I run experiments exploring hyperparameter space and use optuna to do so. Normally I have ~10 hyper parameters and after ~1000 trials the visualization provided by optuna-dashboard gives me the feeling the search space has been processed. I do a 3-fold CV so one trial includes three train, predict, evaluate cycles.
With the size of our dataset, the time I am willing to give to one trial is ~0.25 hours:
1000 trials = 400 hours = close enough to two weeks of running my desktop 24/7
I train using xgboost/lgbm CPU. I have explored cloud GPU options and do not use them for two reasons:
- The main part of the time is not the GPU number crunching, it is the evaluation code.

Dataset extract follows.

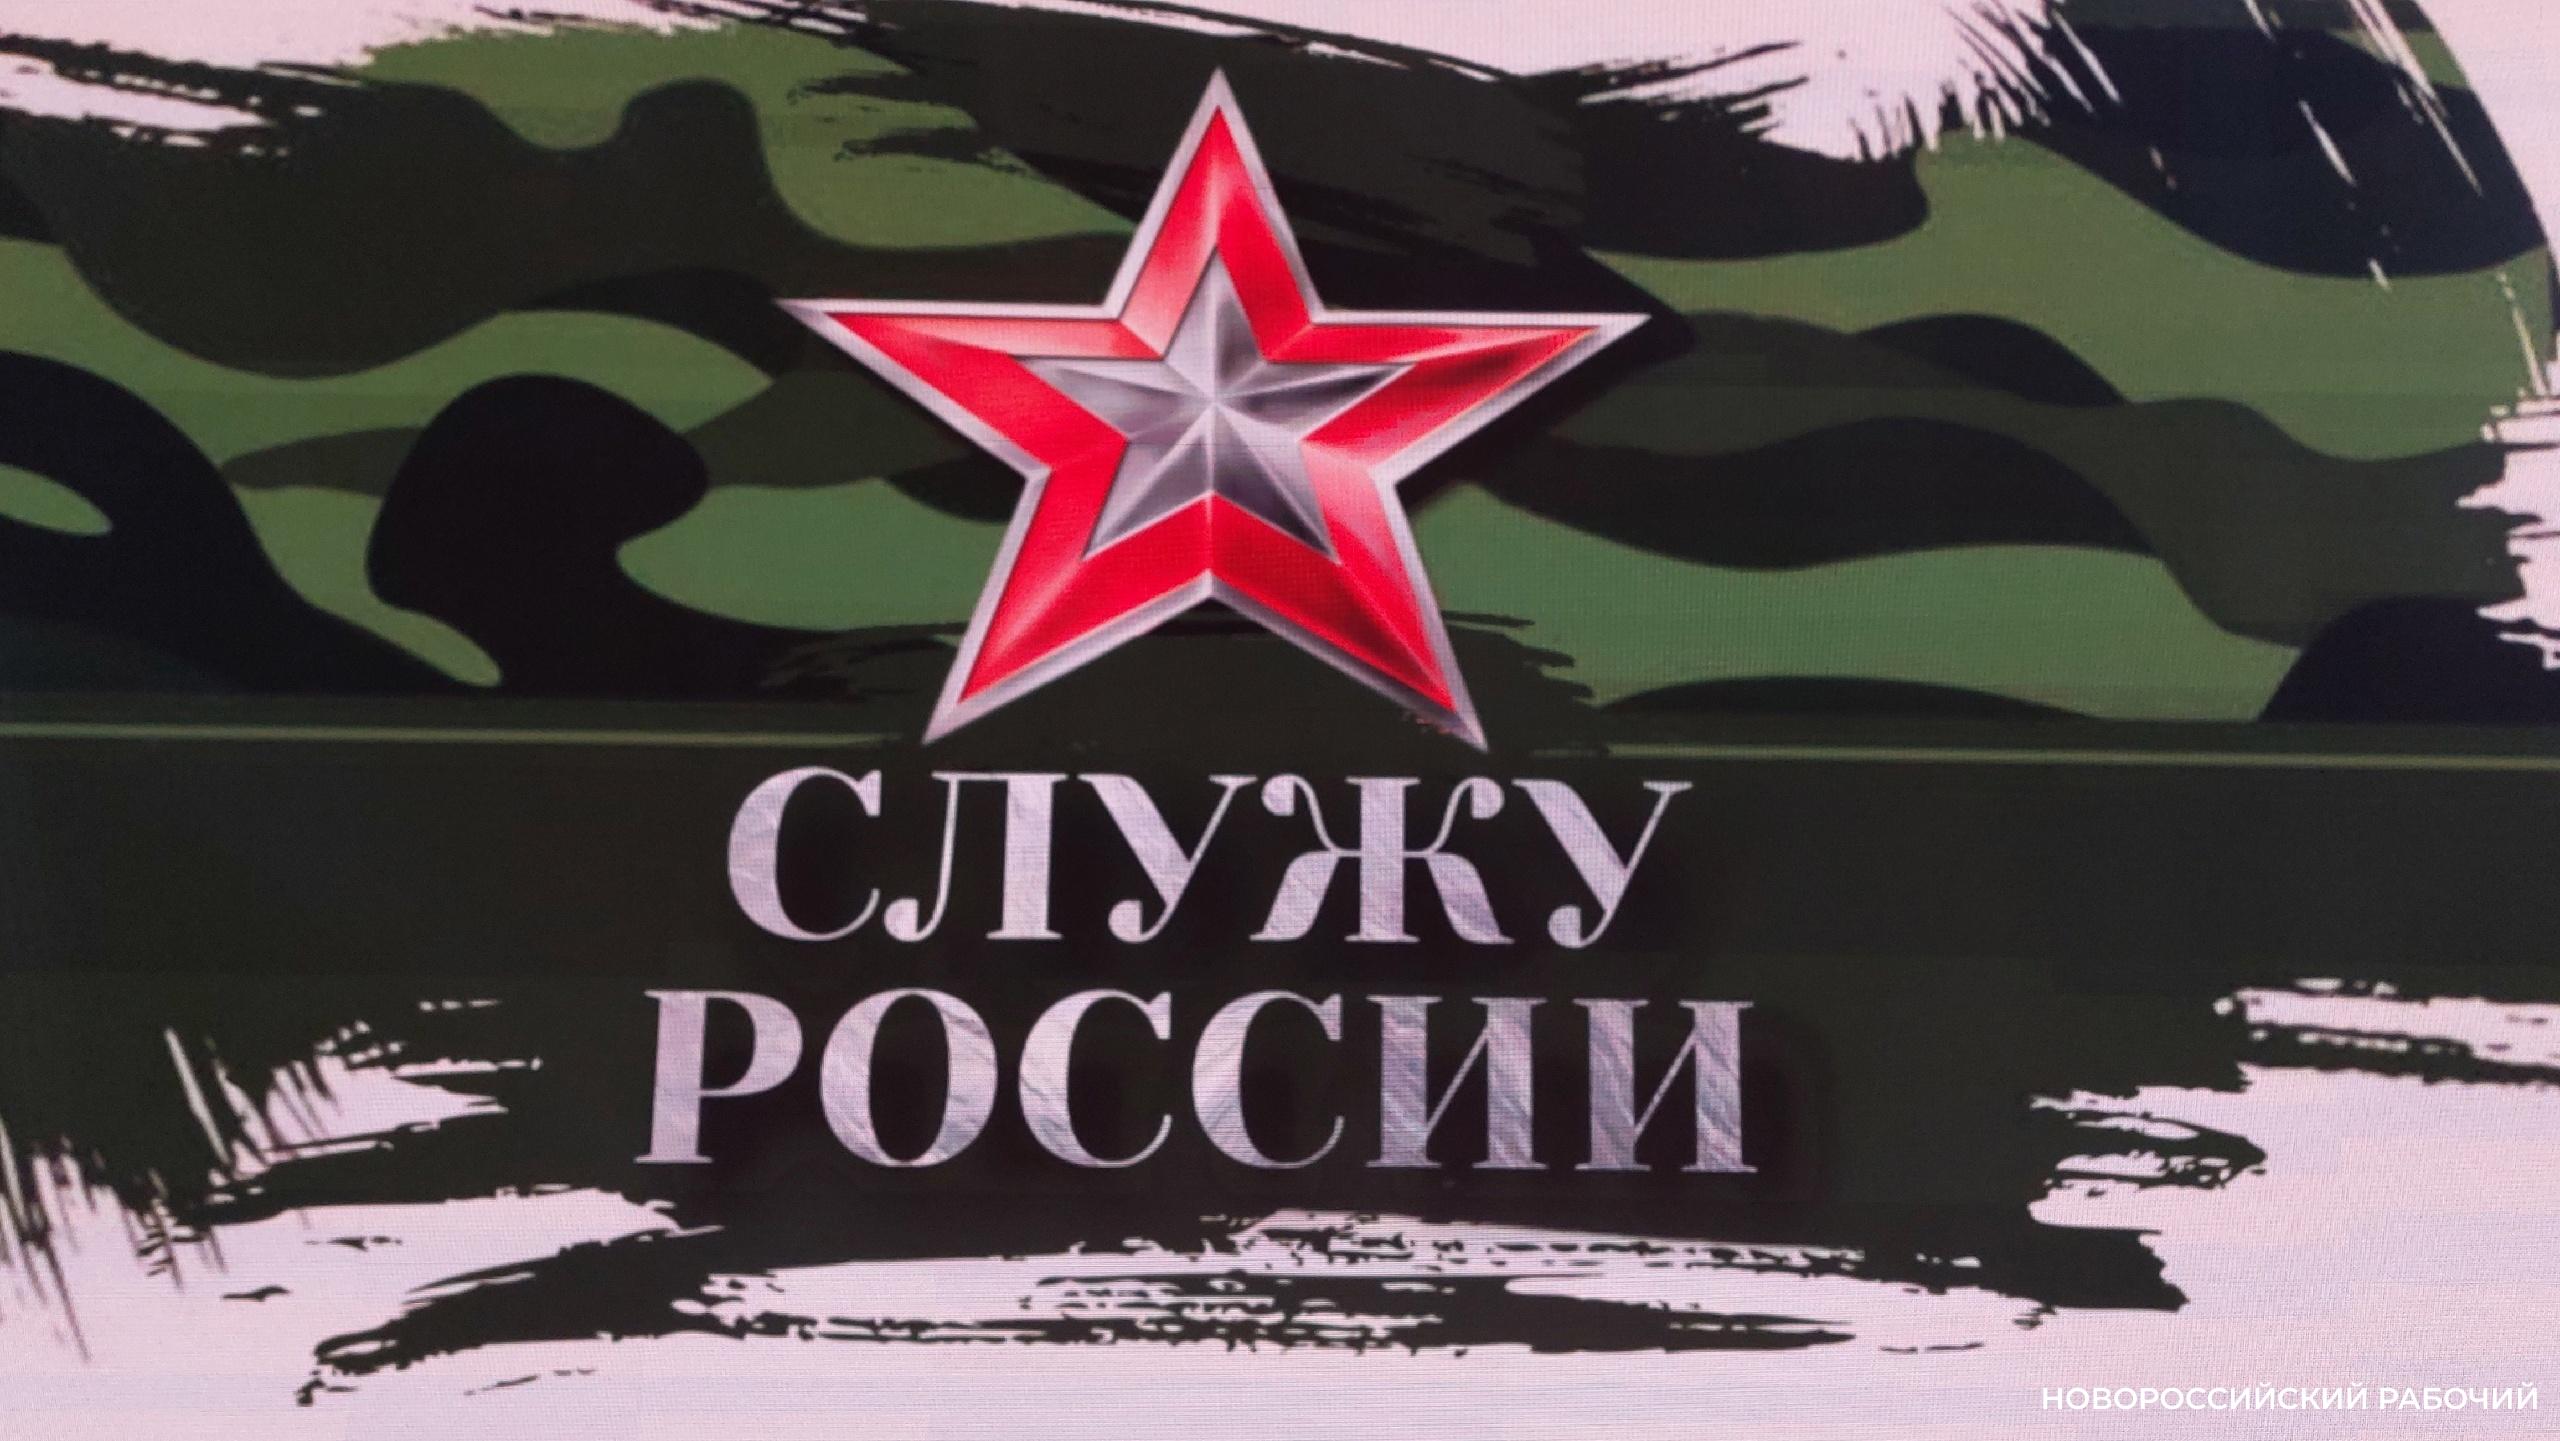 Военно-патриотическая акция «Служу России» прошла в Новороссийске накануне празднования Дня защитника Отечества.

- With the amount of RAM required to process our dataset, the options are too expensive to let them run for days
One trial with 2k trees (the example model size) and the whole dataset in a 3fold (50% train size) cv and some hyperparameters takes Xh to compute. X because I never let it finish. I expect X to be in the range of 8-12 hours. That is not too much for the final training run, but way too much for the experiment. So I have to downsize. I do that by sampling the dataset. At the moment I sample every 30th row like
data = data[::30]
That reduces the training time significantly, but leaves me with another question:
If my experiment yields e.g. 1500 trees as the optimum value.
How can I be sure that that is the best value not for 1/30th of the data, but also for the whole data?
That argument does not stop with the number of trees but expands to every hyperparameter, in particular to: learning rate!
We all know that a low learning rate creates a little increment per tree and thus you should do more trees to prevent underfitting. If you have a too high training rate you will give too much weight to the data you look at first (aka overfit). So I have to take the learning rate into the equation. I am currently using the highly scientific furmula:
trees = -2700 * learning_rate + 3003
to get tree values between 300 and 3000 for learning rate values of
Finally I arrive at my main question: How do I scale back up to the full dataset?
Do I multiply the number of trees by 30 (the reduction factor of the data)?
Do I divide the learning rate by 30?
Do I do both?
Do I do neither, because it is a complete void assumption that there is such a trivial relation between training dataset size and learning_rate/trees?